Thanks for the link.
Somewhere else I found a Forth version of the Sieve of Eratosthenes that used a search range of 100. I downloaded one
program, but it didn't work at all. The second
program that I downloaded yielded the same results as those given for a
Fortran 90 version of the sieve after I modified the search range.
I had downloaded and read that paper earlier last evening and decided that the search range was probably bigger than my little board could support with internal memory.
I determined that for a $D000 fig-FORTH location, running the sieve with that large a search range eats the configuration. However, I found that for a $0400 fig-FORTH location, there is sufficient memory to allocate the flag array.

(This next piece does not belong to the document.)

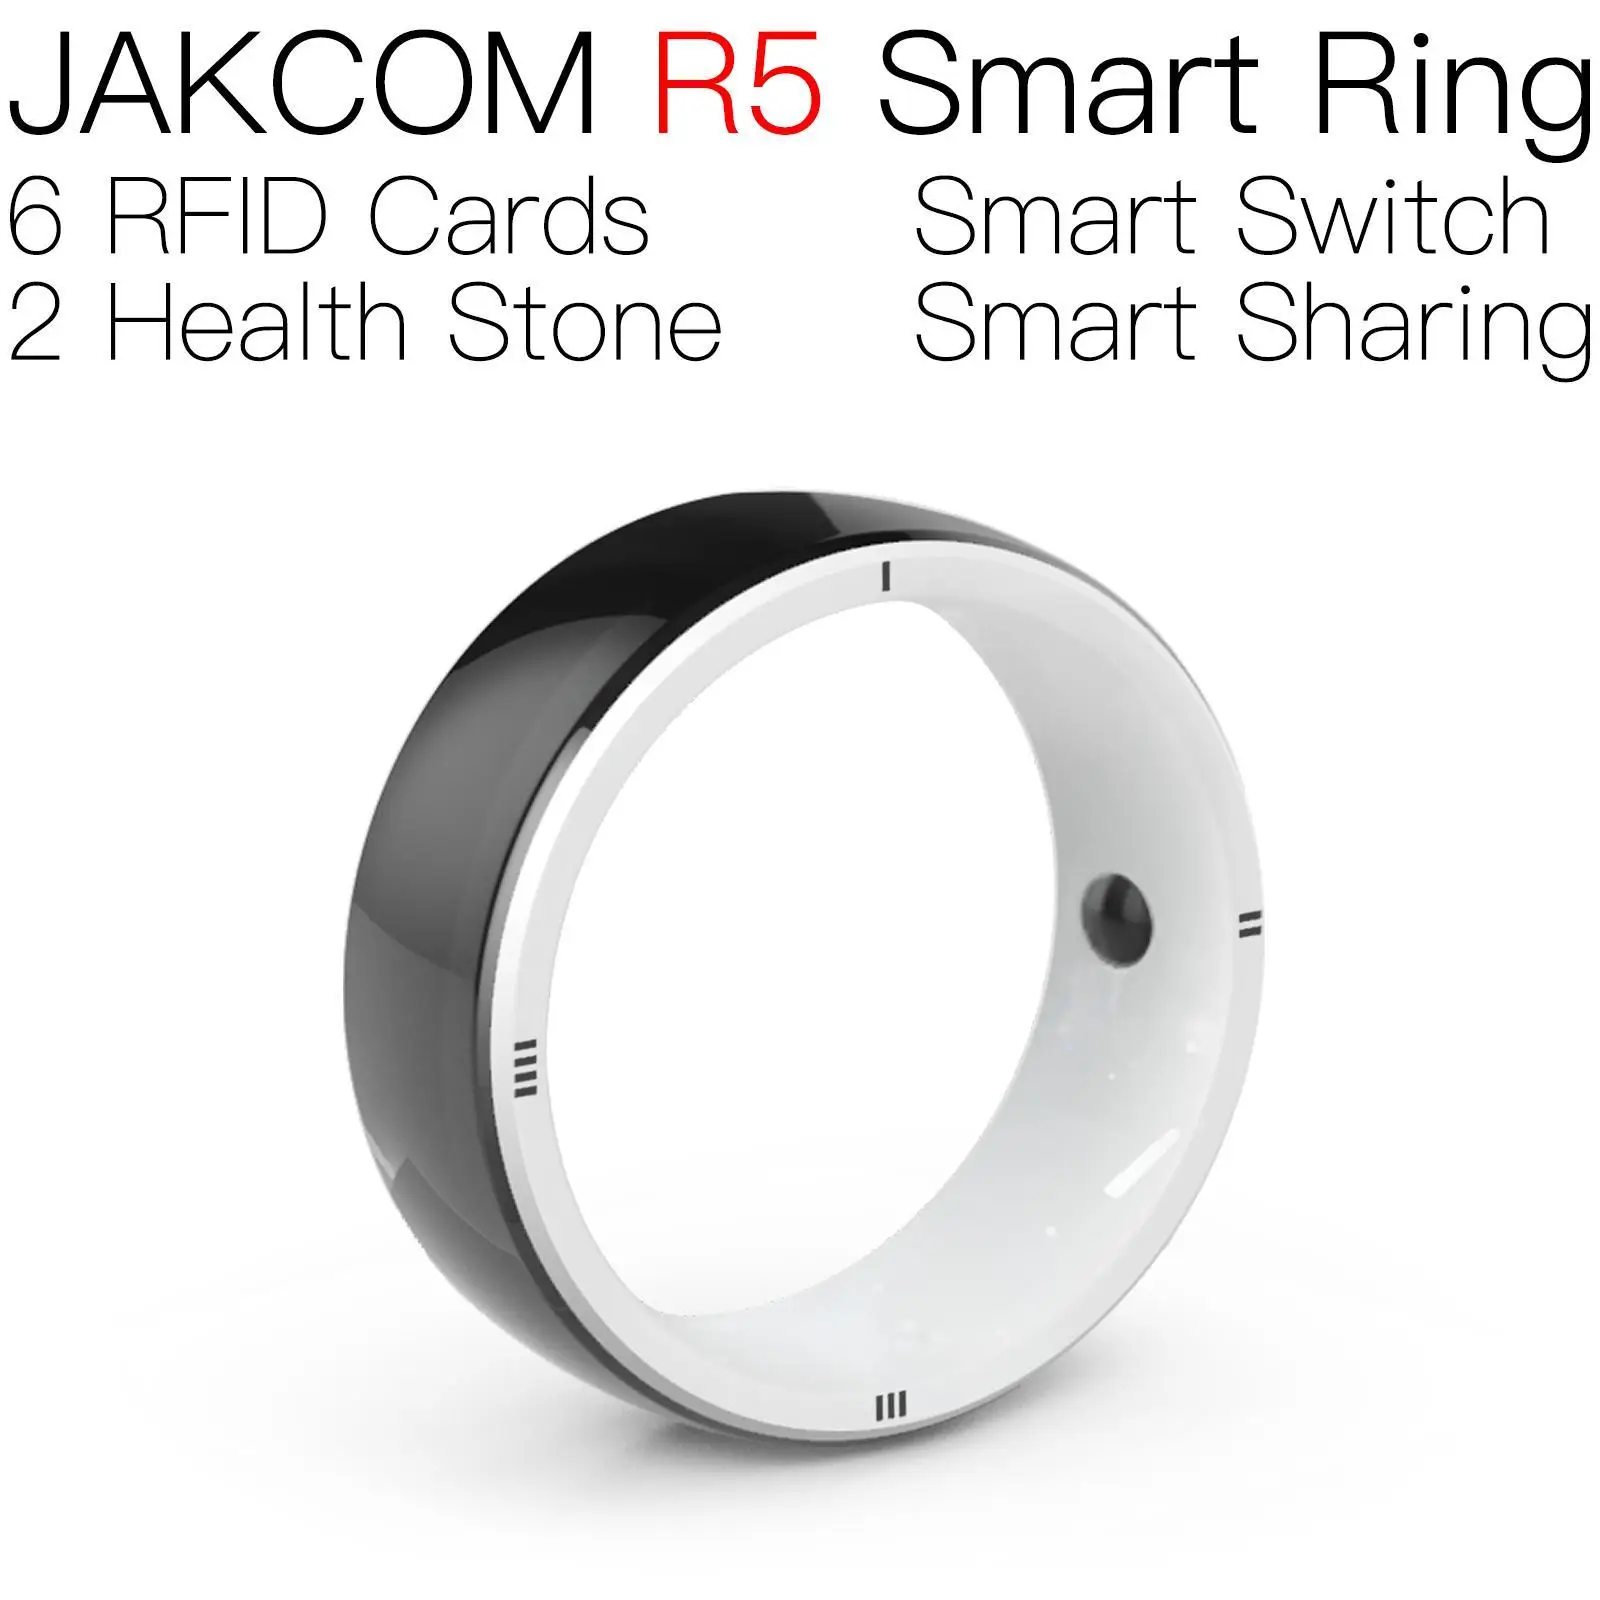 jakcom-r5-anillo-inteligente-con-rastreador-gps-para-coche-dispositivo-de-medicion-de-la-presion-arterial-persiguiendo-f1-reloj-inteligente-telefonos-android-el-mejor-regalo
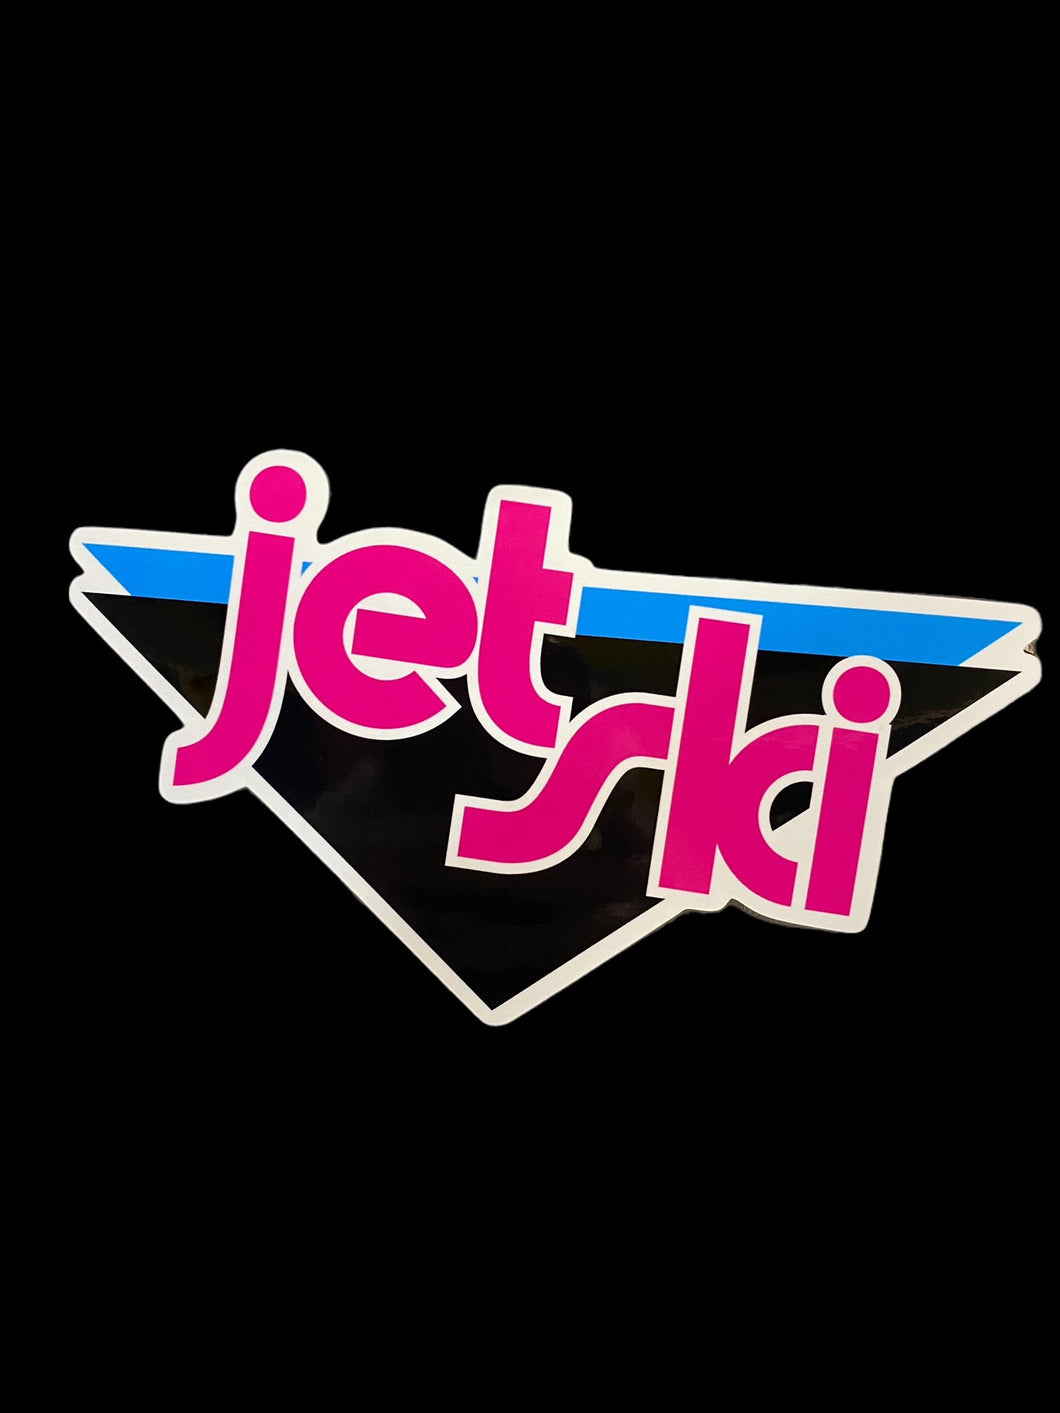 Jet Ski Sticker

With the search range set to 16384 and 10 iterations, the 14.7456 MHz M65C02A executes the sieve benchmark (using the first working program) in a stop watch time of approximately 17.5 seconds. (Note: the program linked to by BigEd uses a value of 8190, but it takes one optimization and that is that 2 is a prime and all its multiples may be ignored. Thus, the search space is reduced by half, i.e. the maximum number of cells required is 8190.)
The time measured is
10.85x faster than the Apple II time given in the reference. Examining the differences between the sieve program that I've been using and the one given in the reference, I found that the program I used included an unnecessary multiplication. The program provided in the reference used the FORTH idiom "
DUP +" to perform a multiply by 2 rather than using "
*". With this change, the stop watch time for 10 iterations is approximately 10.5 seconds rather than 17.5 seconds. (A substantial improvement.)
The second measured time is
18.1x faster than the Apple II time given in the reference. The
65CE02 datasheet indicates that it is roughly 25% faster than a standard 65C02 because it eliminates the dead instruction/memory cycles of the 65C02. The M65C02A also eliminates all dead instruction/memory cycles like the 65CE02. At a base frequency of 14.7456 MHz, a 25% improvement in execution time due to dead cycle elimination would yield an effective clock rate of 18.432 MHz. This result is very close to the calculated speed difference of 18.1x between the 1 MHz Apple II 6502 Sieve benchmark and the 14.7456 MHz M65C02A Sieve benchmark.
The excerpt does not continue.